Now that Mastercard and Visa have announced activation dates for EMV 3-D Secure (aka, "3-D Secure 2.0"), it’s time for card issuers and issuing processors to ensure all the groundwork has been laid to take full advantage of the changes the updated standard will bring. At RSA, we’re doing our part by working to educate card issuers and processors on how to be prepared, as well as collaborating with industry partners to test transaction flows ahead of activation. If you’re an issuer, you should have been notified recently with the updated activation dates. Your part means being ready with the technology and processes to accommodate the changes that are in store—especially the shift in fraud liability from merchants to issuers.
The Challenge: Card-Not-Present Fraud Growing—and Liability Shifting
One of the major differences between the first release of the 3-D Secure specification and the 2.0 version is that 3-D Secure 2.0 supports additional channels for card-not-present (CNP) transactions, including in-app and digital wallet payments. As we know, mobile transactions have grown dramatically over the last decade, and now account for nearly half of all CNP transactions. We’ve seen other channels expanding as well, such as smart devices and the growth of Internet of Things (IoT). As 3-D Secure 2.0 expands into these channels, it brings with it the ability for issuers to assess risk for their cardholders outside of traditional browser-based transactions, but also introduces more fraud liability.
An October 2018 report from the U.S. Federal Reserve Bank confirms that CNP fraud rates have been growing alongside these transactions; it specifically shows an increase of more than $1 billion over just one year, from $3.4 billion to nearly $4.6 billion. Until now, it’s been merchants rather than card issuers that have been liable for those losses. That changes with 3-D Secure 2.0, which adds liability for non-browser transaction fraud to issuers.
The Opportunity: Using Robust, Risk-Based Authentication for Fraud Prevention
Fortunately for issuers, the shift in liability for fraud in 3-D Secure 2.0 is accompanied by the ability to put more robust authentication in place to prevent fraud in the first place. 3-D Secure 2.0 specifically supports token-based and biometric authentication and removes static data elements (such as passwords), making it more difficult for fraudsters to compromise credentials. It also enables risk-based authentication (RBA) decisions, so that the decision to authenticate the cardholder can be made based on how much risk a transaction presents (based on policies set by the card issuer). Smart RBA means good consumers seldom need to be authenticated. The result is more robust fraud prevention for issuers and, at the same time, convenient, frictionless payments for consumers.
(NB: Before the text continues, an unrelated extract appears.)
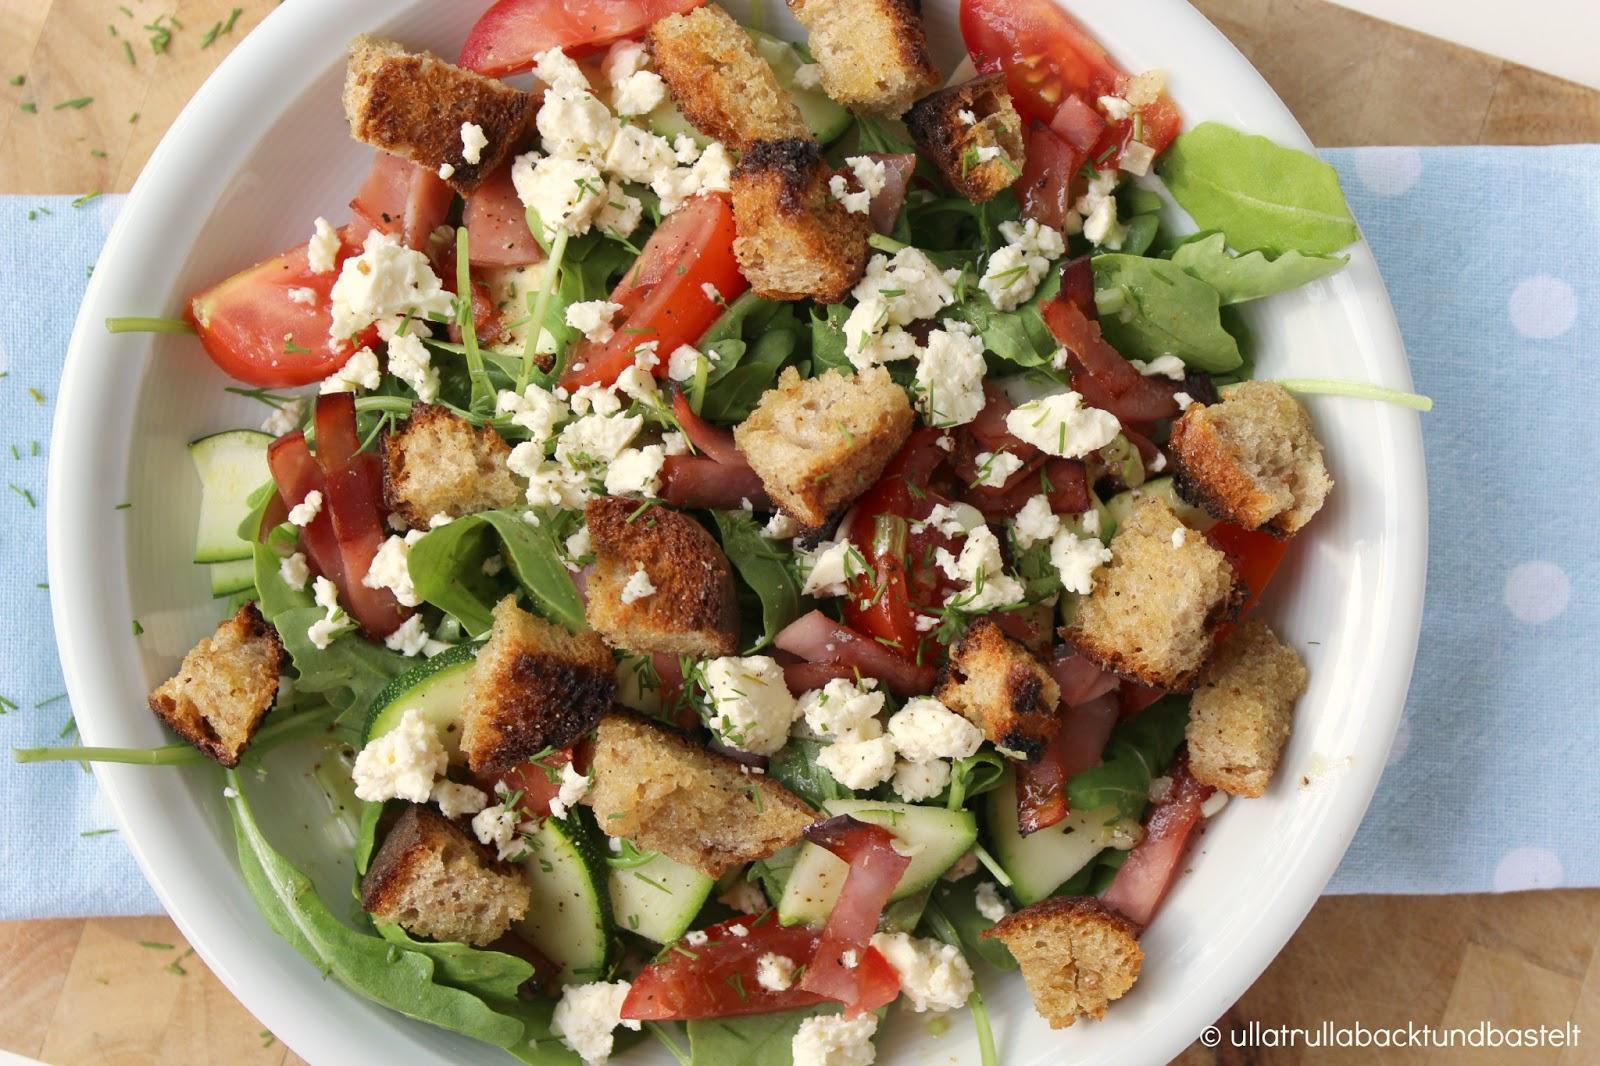 Ullatrulla backt und bastelt salat mal anders rezept for Kochen italienisch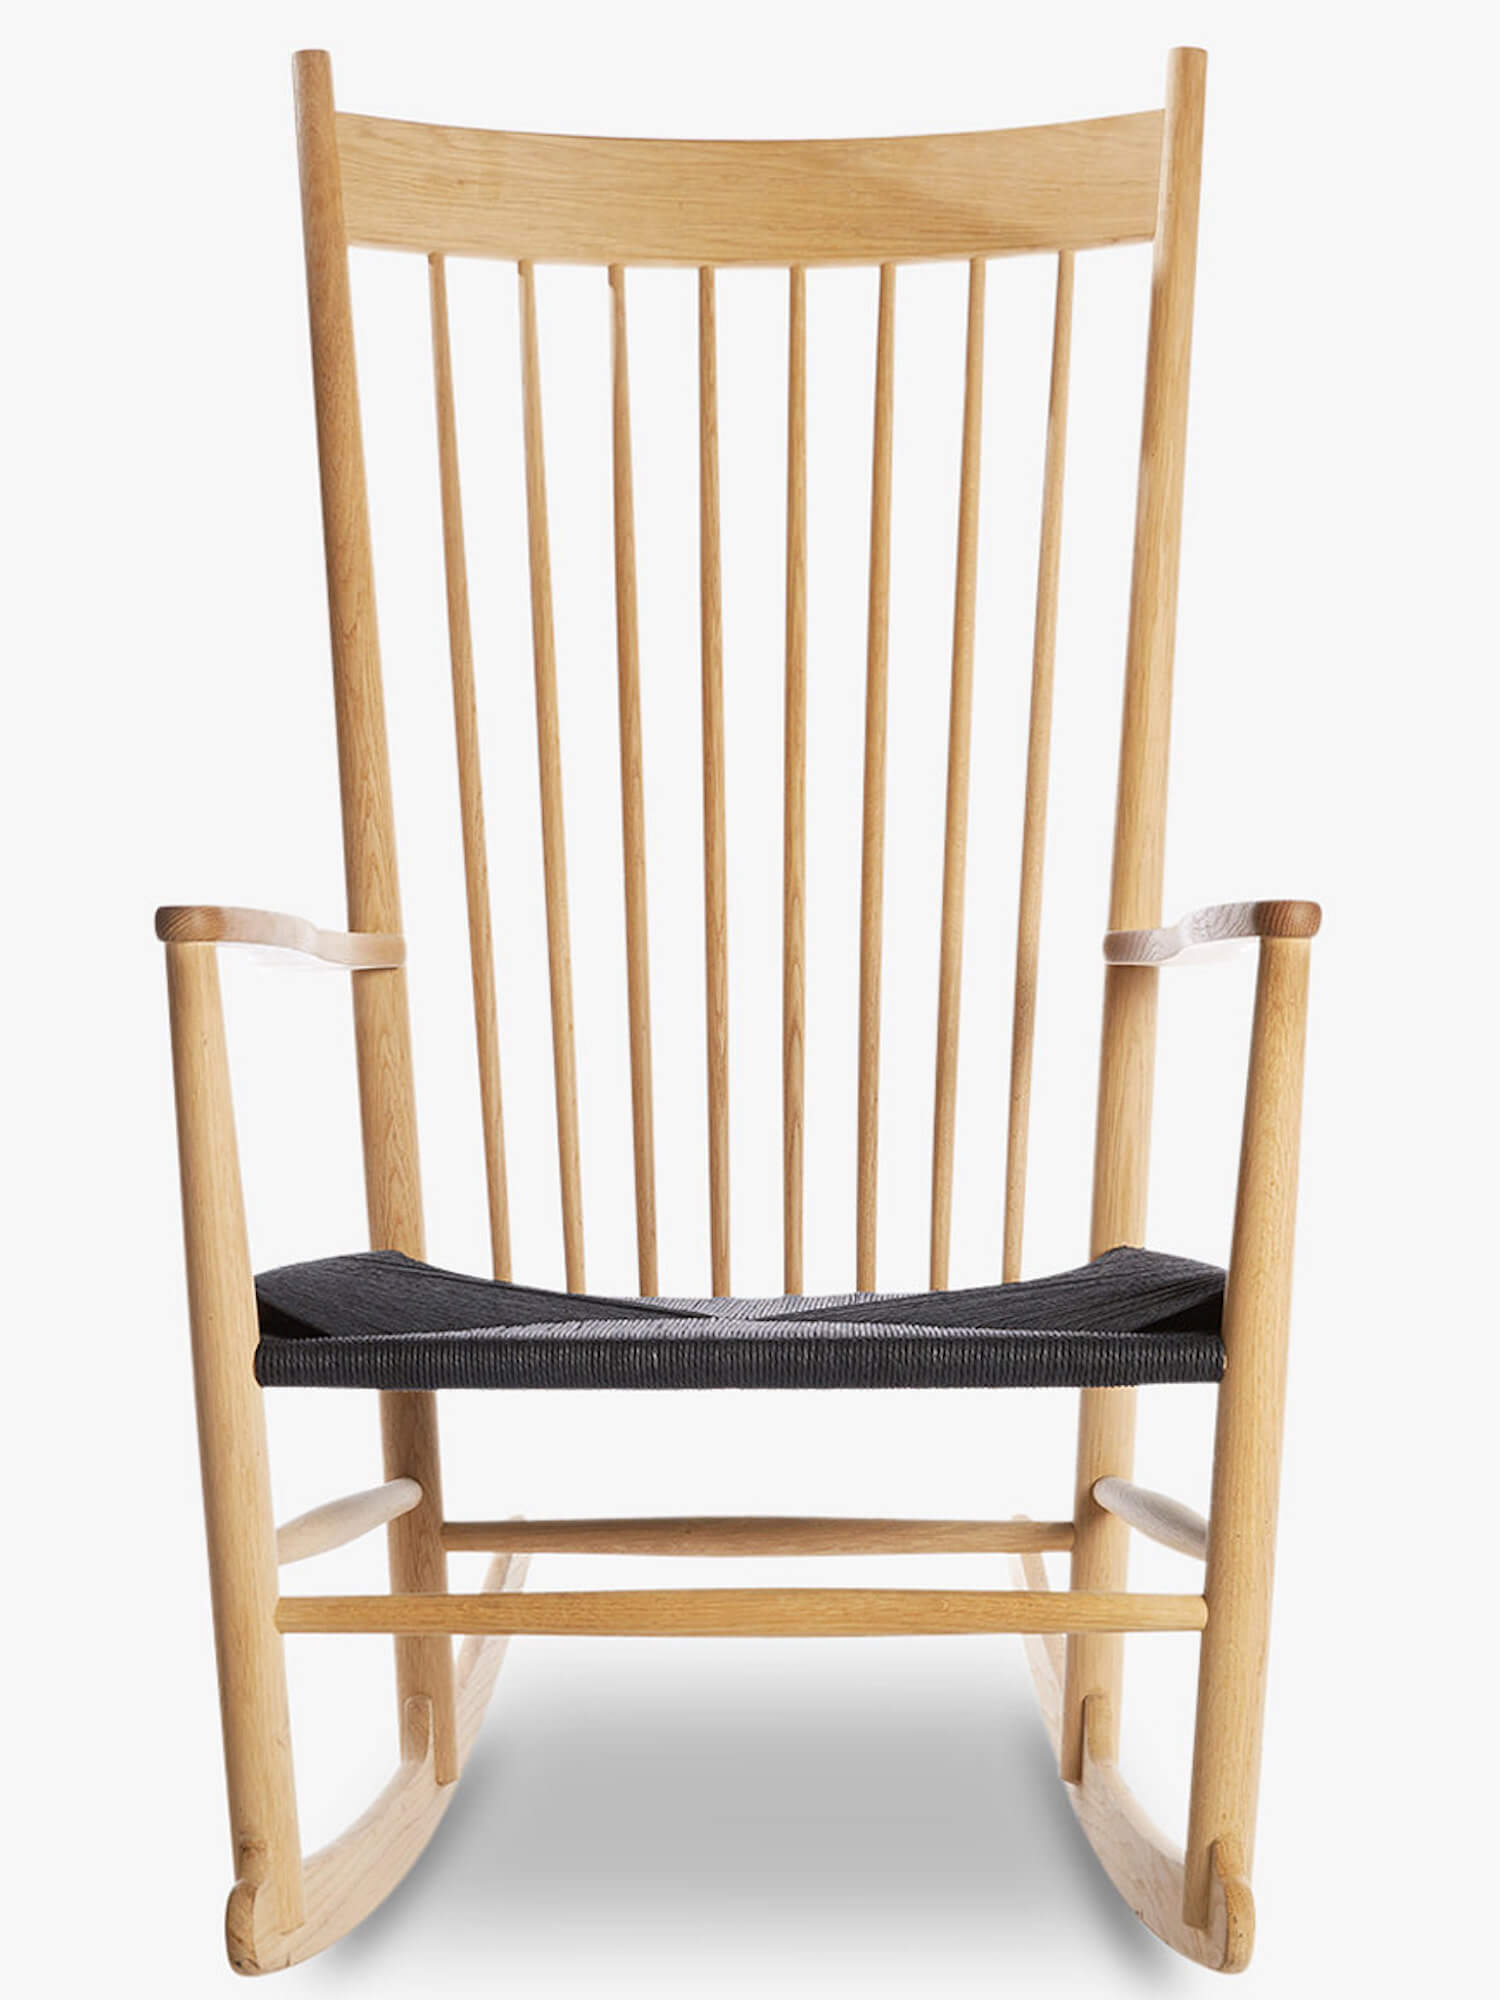 est living the est edit rocking chairs j16 rocking chair great dane 1

Other Considerations for Issuers
In addition to being prepared with authentication capabilities that are appropriate to the challenge and opportunity of 3-D Secure 2.0, issuers need to ensure they have a clear migration path for the transition, as detailed in 3-D Secure 2.0: Key Considerations for Card Issuers, a guide prepared for RSA by the global research and advisory firm Aite Group. The guide discusses migration paths for different types of issuers—from those not enabled for 3-D Secure at all, to those who are on a non-risk-based version of 3-D Secure 1.0, to those who are on a risk-based version of the protocol. It also includes practical recommendations for migration planning.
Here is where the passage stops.